In connection with the FTD acquisition in August 2008, UNOLA Corp., which was then an indirect wholly-owned subsidiary of United
Online, Inc., and which subsequently merged into FTD Group, Inc., entered into a $425 million senior secured credit agreement with Wells
Fargo Bank, National Association, as Administrative Agent (the "2008 Credit Agreement"), consisting of (i) a term loan A facility of
$75 million, (ii) a term loan B facility of $300 million, and (iii) a revolving credit facility of up to $50 million. On June 10, 2011, FTD
Group, Inc. entered into a new credit agreement (the "Credit Agreement") with Wells Fargo Bank, National Association, as Administrative
Agent for the lenders, to refinance the 2008 Credit Agreement. The Credit Agreement provides FTD Group, Inc. with a $315 million senior
secured credit facility consisting of (i) a $265 million seven-year term loan (the "Term Loan") and (ii) a $50 million five-year revolving credit
facility (the "Revolving Credit Facility" and together with the Term Loan, the "Credit Facilities"), and certain other financial accommodations,
including letters of credit.
On June 10, 2011, FTD Group, Inc. repaid in full all outstanding indebtedness under the 2008 Credit Agreement. No penalties were paid in
connection with such repayment. The repayment of obligations under the 2008 Credit Agreement was financed with the proceeds of the
$265 million of term loan borrowings under the Credit Agreement and FTD's available cash. No funds were borrowed under the Revolving
Credit Facility at closing.
The obligations under the Credit Agreement are guaranteed by FTD's parent, UNOL Intermediate, Inc. ("Holdings"), and certain of the
wholly-owned domestic subsidiaries of FTD Group, Inc. (the "Subsidiary Guarantors"). In addition, the obligations under the Credit Agreement
are secured by a lien on substantially all of the assets of FTD Group, Inc., Holdings and the Subsidiary Guarantors (collectively, the "Loan
Parties"), including a pledge of all (except with respect to foreign subsidiaries, in which case such pledges are limited to 66%) of the outstanding
capital stock of certain direct subsidiaries of the Loan Parties.

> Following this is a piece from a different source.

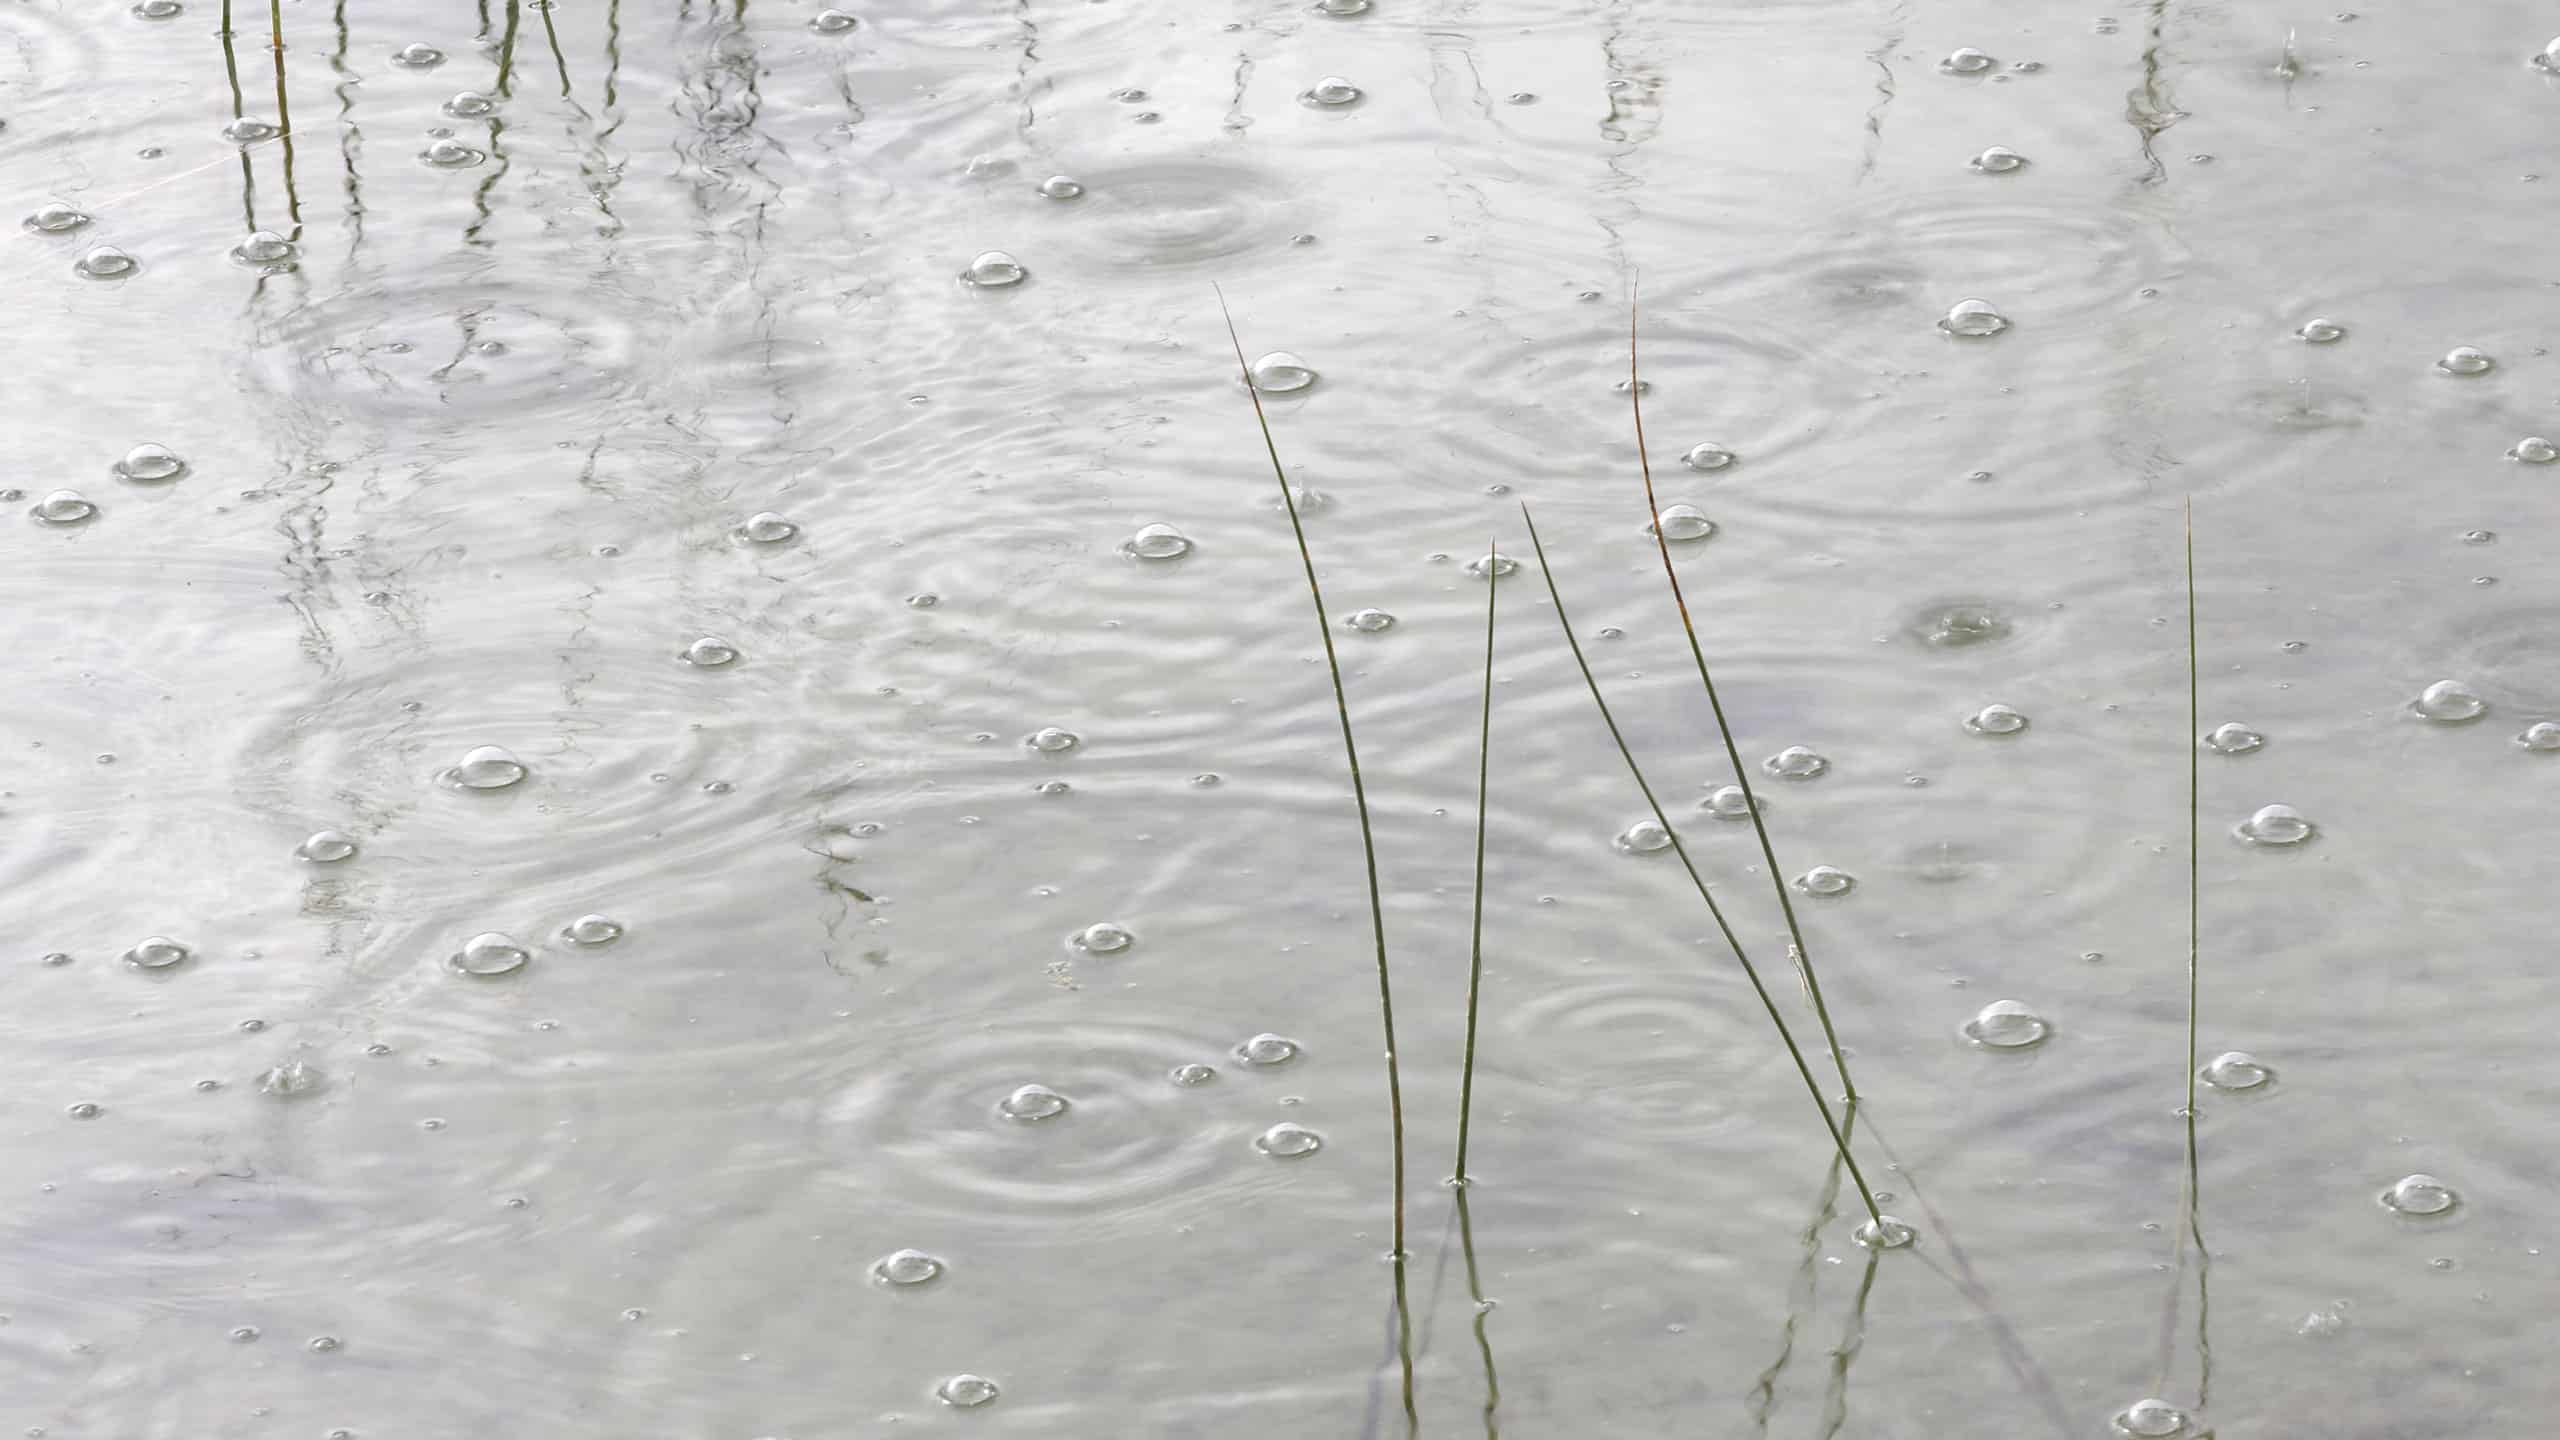 raindrops on water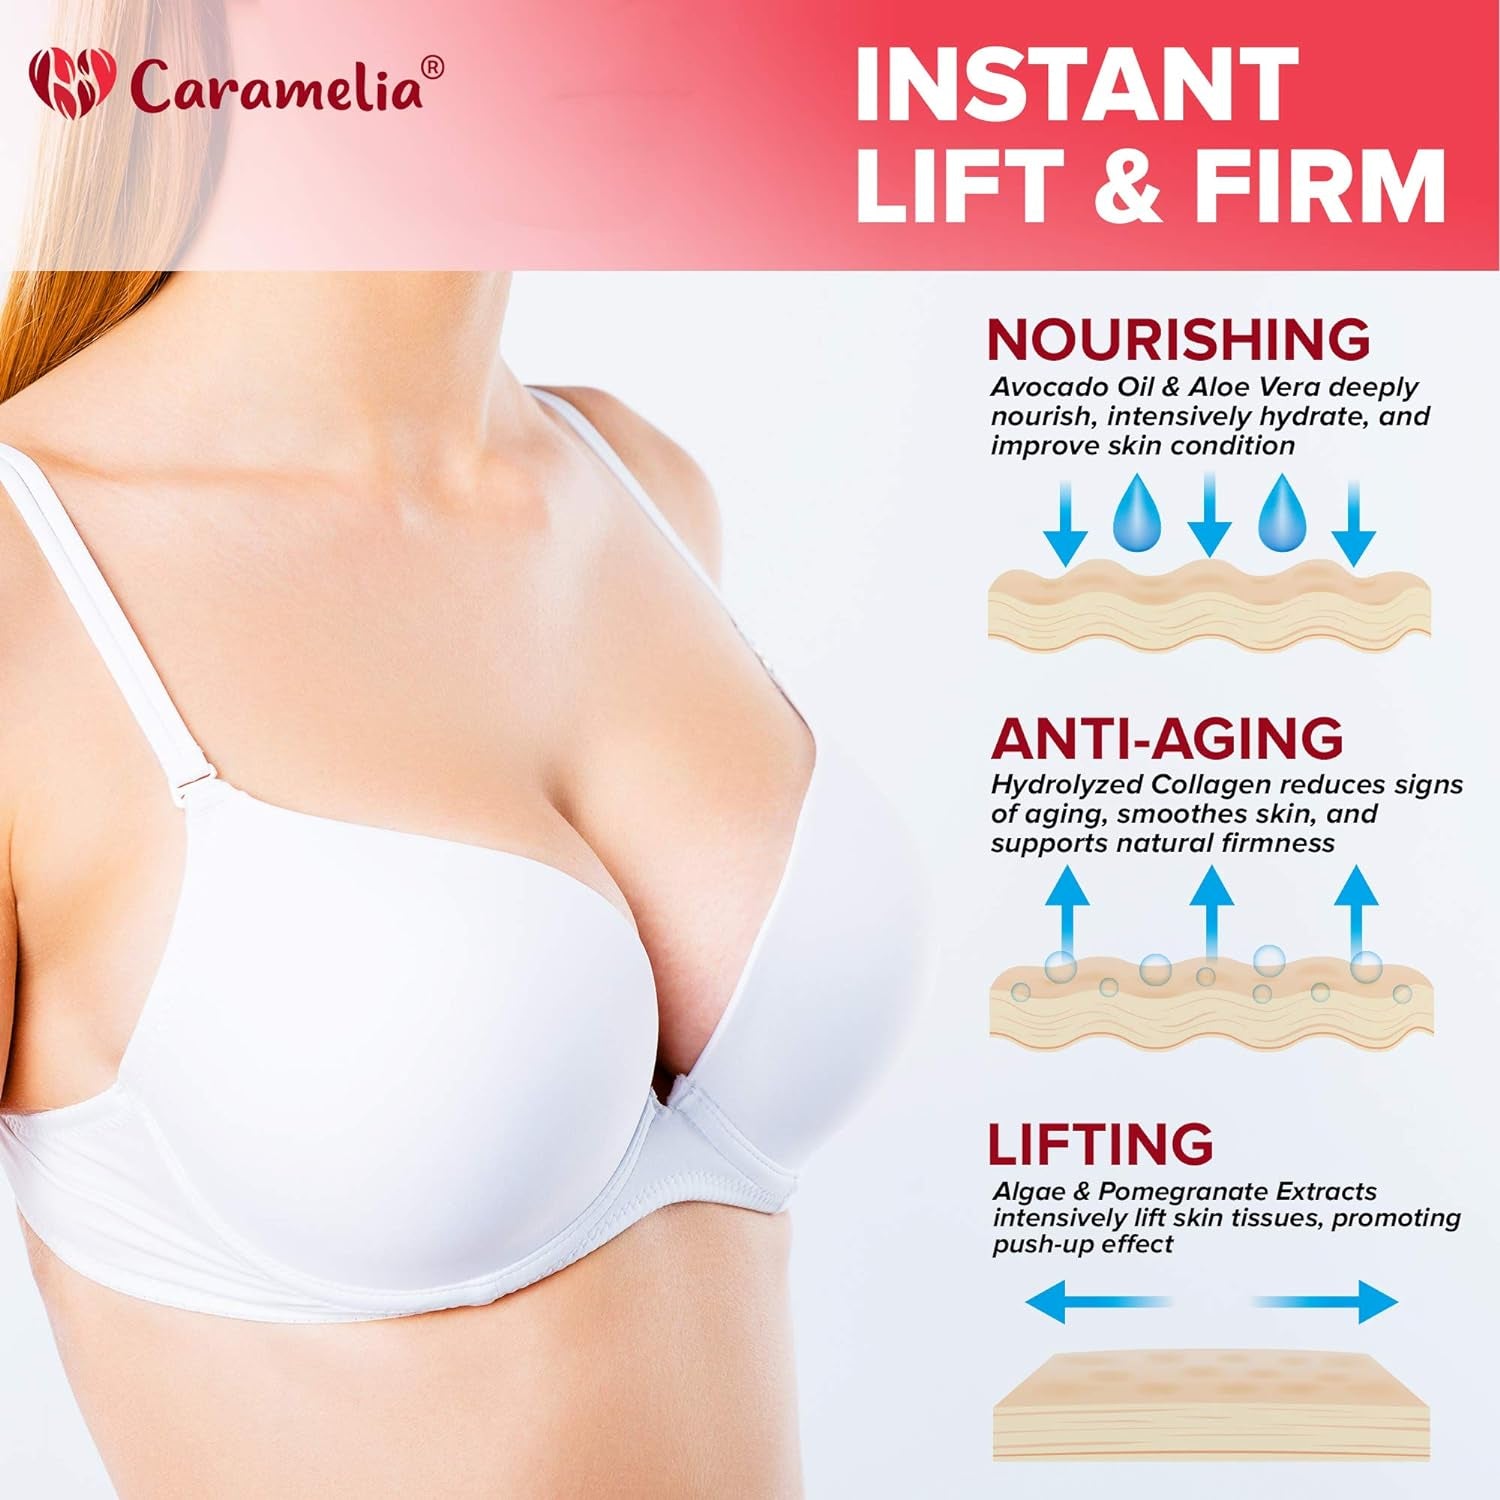 Breast Enhancement Cream for Women- Saggy Breast Lift Cream - Made in USA - Breast Enhancement Cream - Breast Firming and Lifting Cream for Saggy Breast - Breast Growth Cream for Firmer Breast (Red)

The interest rates on both the Term Loan and the Revolving Credit Facility are either a base rate plus 2.5% per annum, or LIBOR plus 3.5%
per annum (with a LIBOR floor of 1.25% in the case of the Term Loan and step downs in the LIBOR margin on the Revolving Credit Facility
depending on FTD's net leverage ratio). In addition, there is a commitment fee equal to 0.50% per annum (with step-downs in the commitment
fee depending on FTD's net leverage ratio) on the unused portion of the Revolving Credit Facility. The Credit Agreement contains customary
representations and warranties, events of default, affirmative covenants, and negative covenants, that require, among other things, FTD to
maintain compliance with a maximum net leverage ratio and a minimum fixed-charge coverage ratio, and impose restrictions and limitations on,
among other things, capital expenditures, investments, dividends, asset sales, and incurrence of additional debt or liens by Holdings, FTD
Group, Inc. and their subsidiaries. The Credit Agreement also provides for an additional $100 million in borrowing, subject to certain conditions,
including compliance with covenants and approval by the lender group.